*INFORMATION SHOWN*.
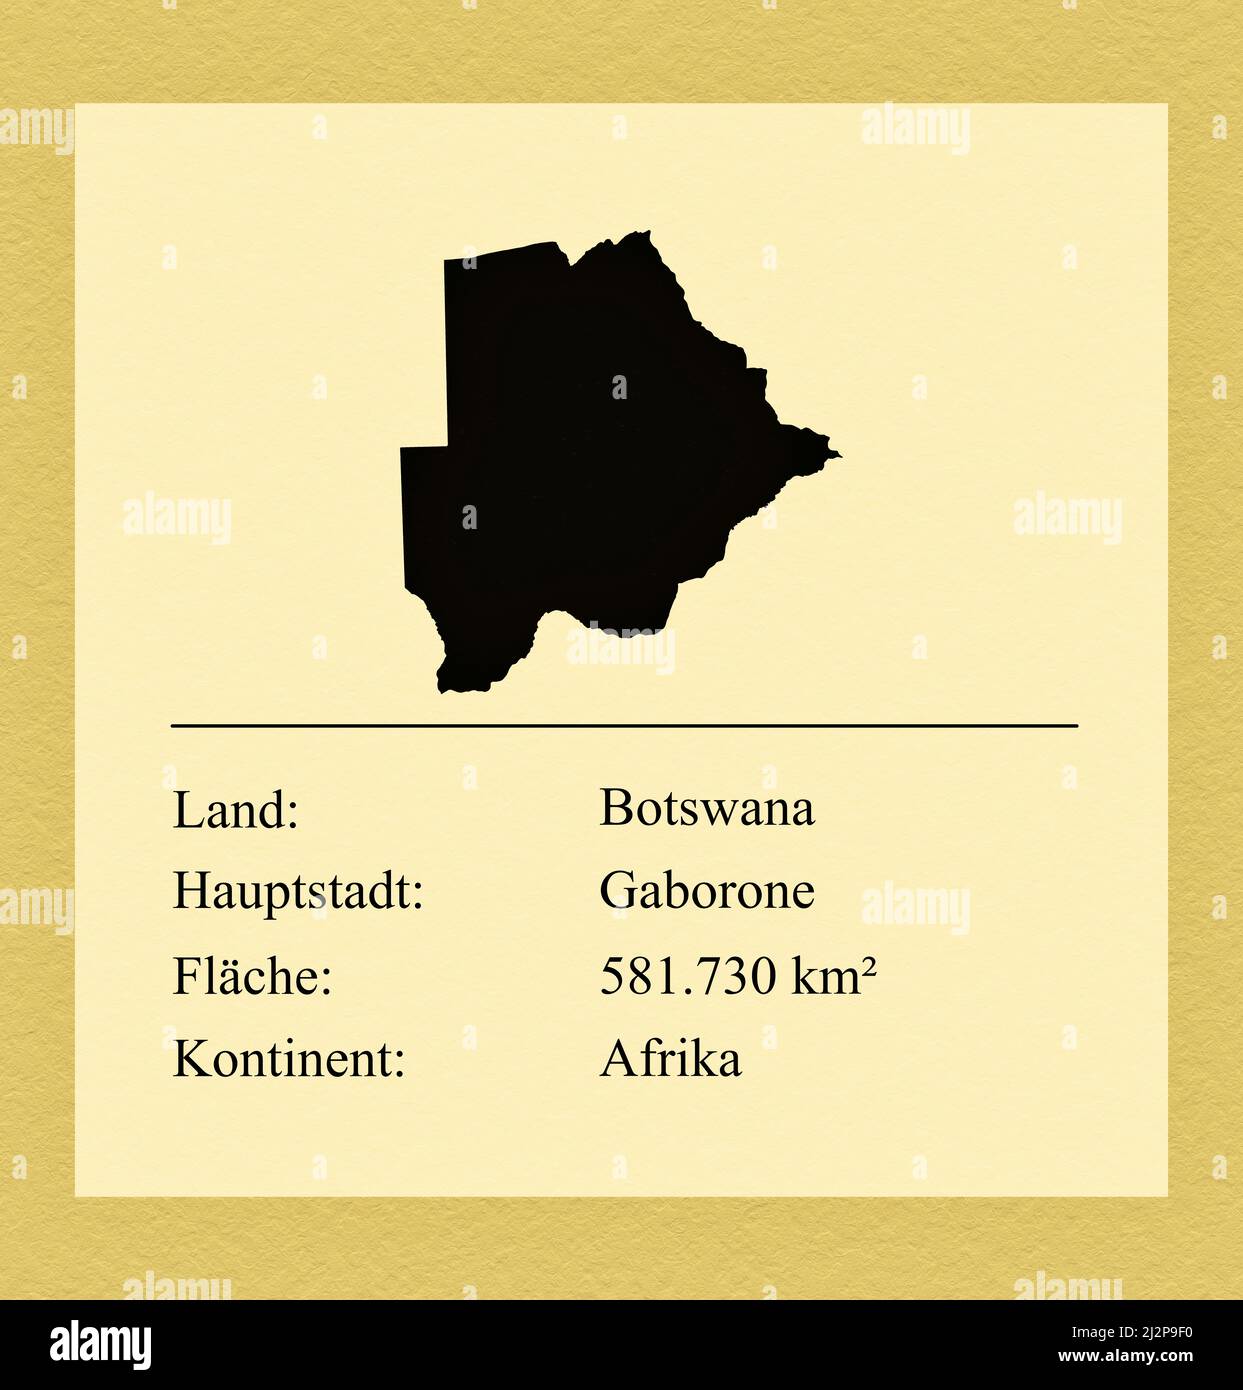 Umrisse des Landes Botswana, darunter ein kleiner Steckbrief mit Ländernamen, Hauptstadt, Fläche und Kontinent Foto de stock
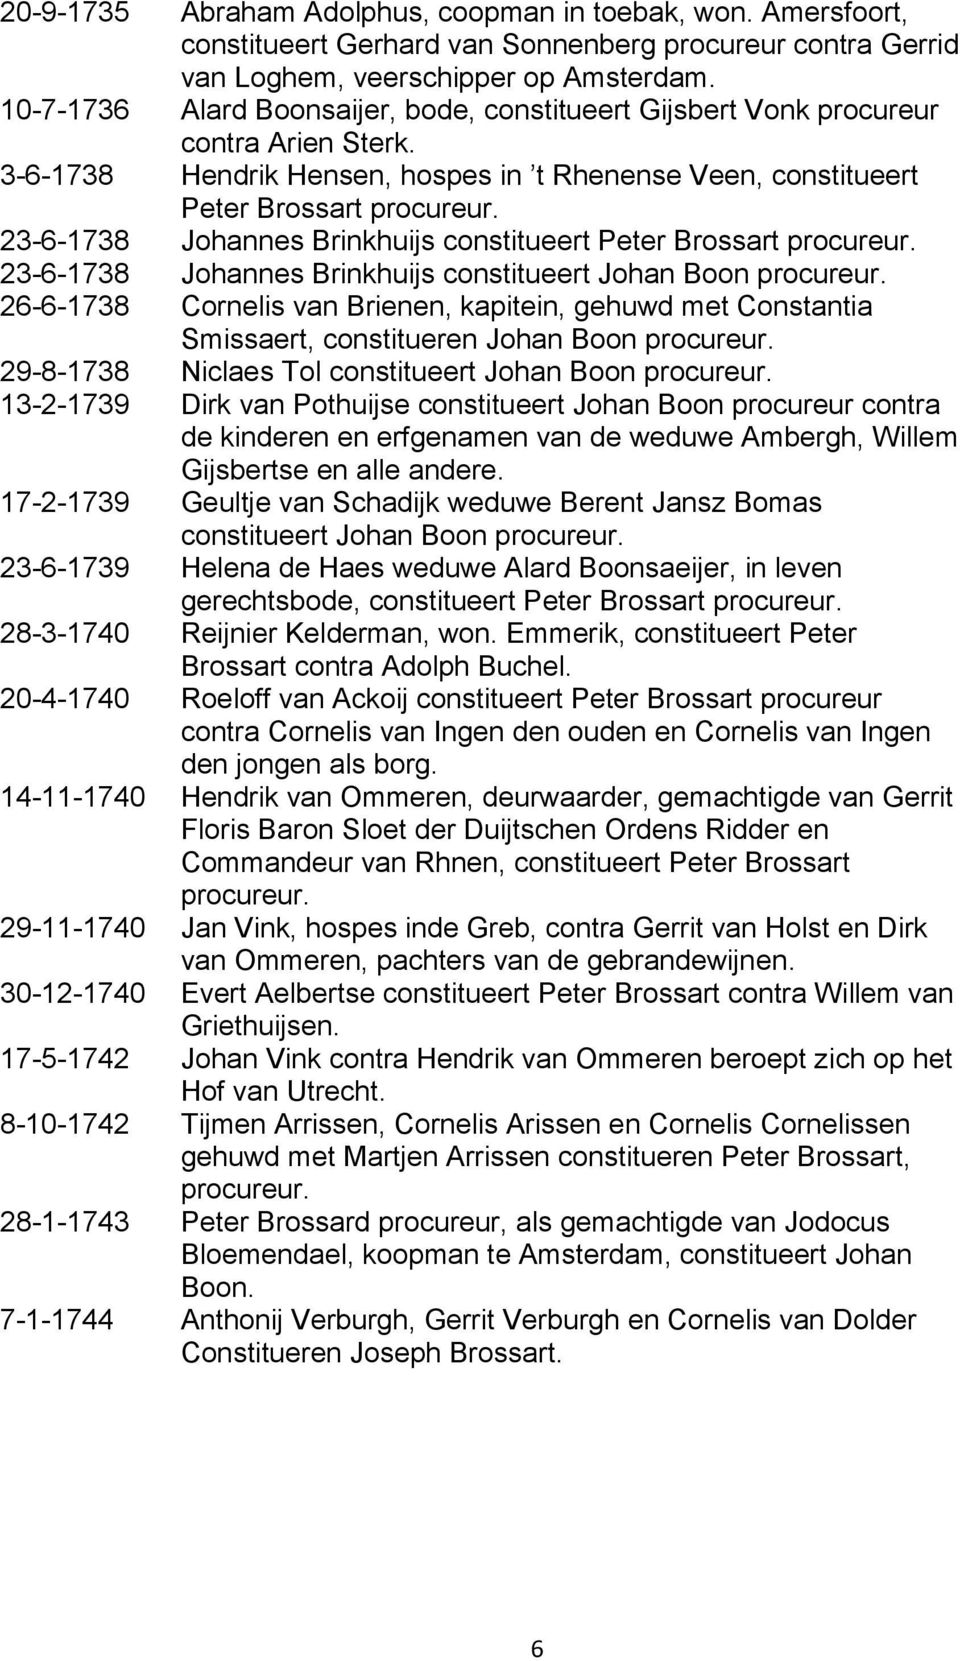 23-6-1738 Johannes Brinkhuijs constitueert Peter Brossart procureur. 23-6-1738 Johannes Brinkhuijs constitueert Johan Boon procureur.
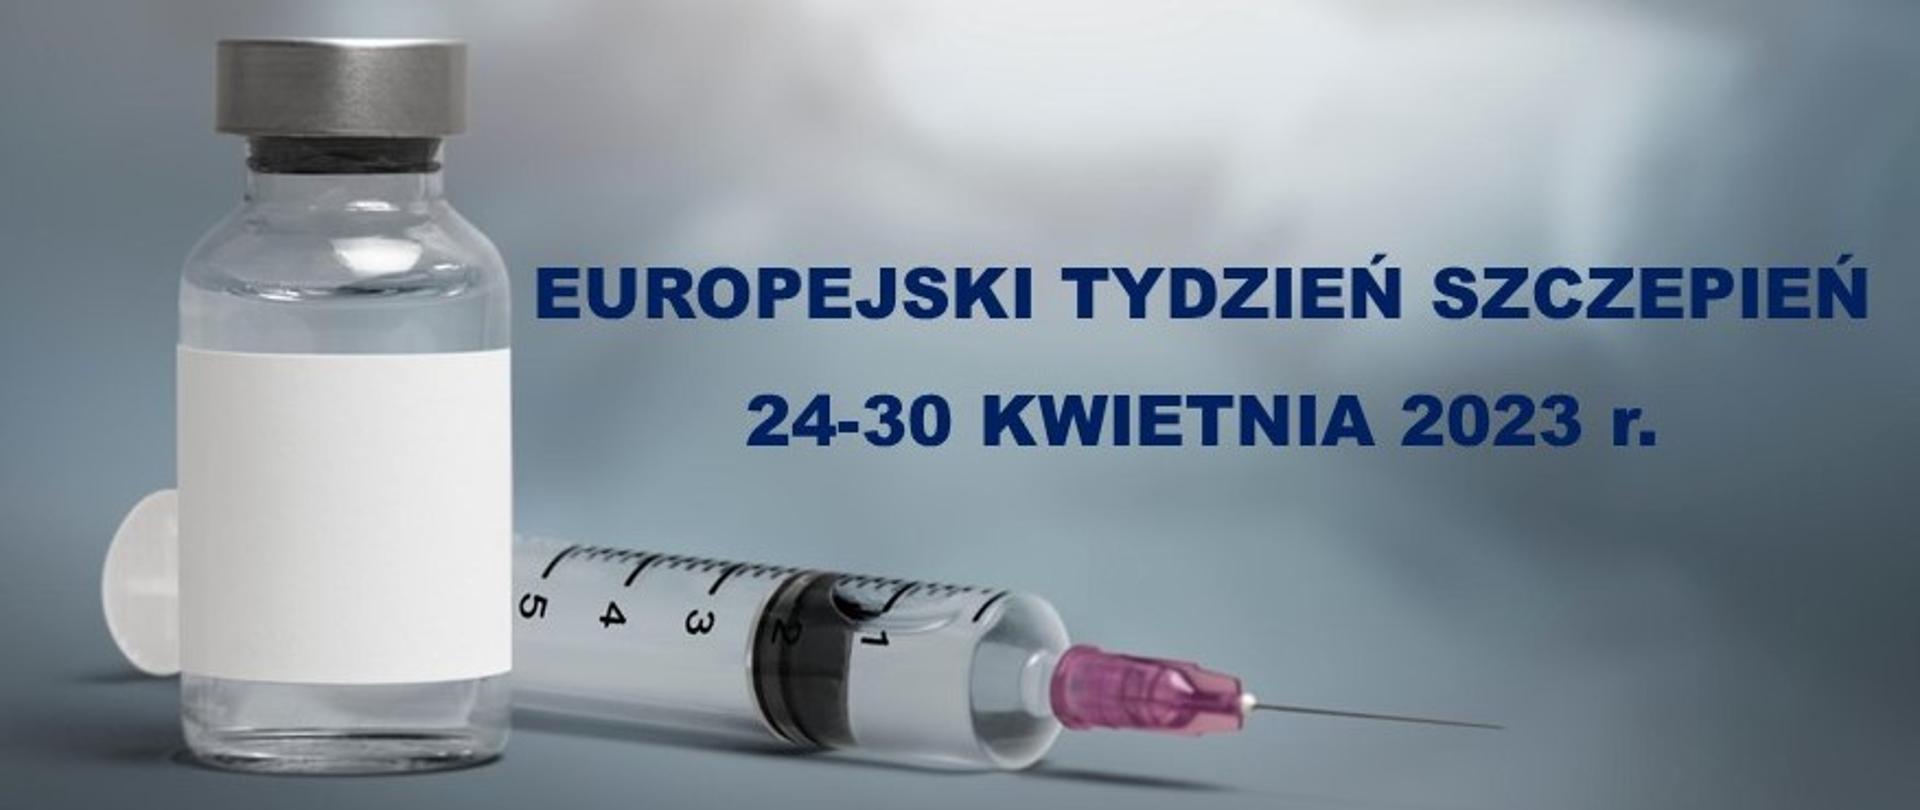 grafika kolorowa, ampułka ze szczepionką strzykawka, napis Europejski Tydzień Szczepień 24-30 kwietnia 2023 r.

*TASK TO COMPLETE*.
Exclude images. Return the data above verbatim.

*YOUR SOLUTION*.
 Umrisse des Landes Botswana, darunter ein kleiner Steckbrief mit Ländernamen, Hauptstadt, Fläche und Kontinent Foto de stock
 23-6-1738 Johannes Brinkhuijs constitueert Peter Brossart procureur. 23-6-1738 Johannes Brinkhuijs constitueert Johan Boon procureur.
 grafika kolorowa, ampułka ze szczepionką strzykawka, napis Europejski Tydzień Szczepień 24-30 kwietnia 2023 r.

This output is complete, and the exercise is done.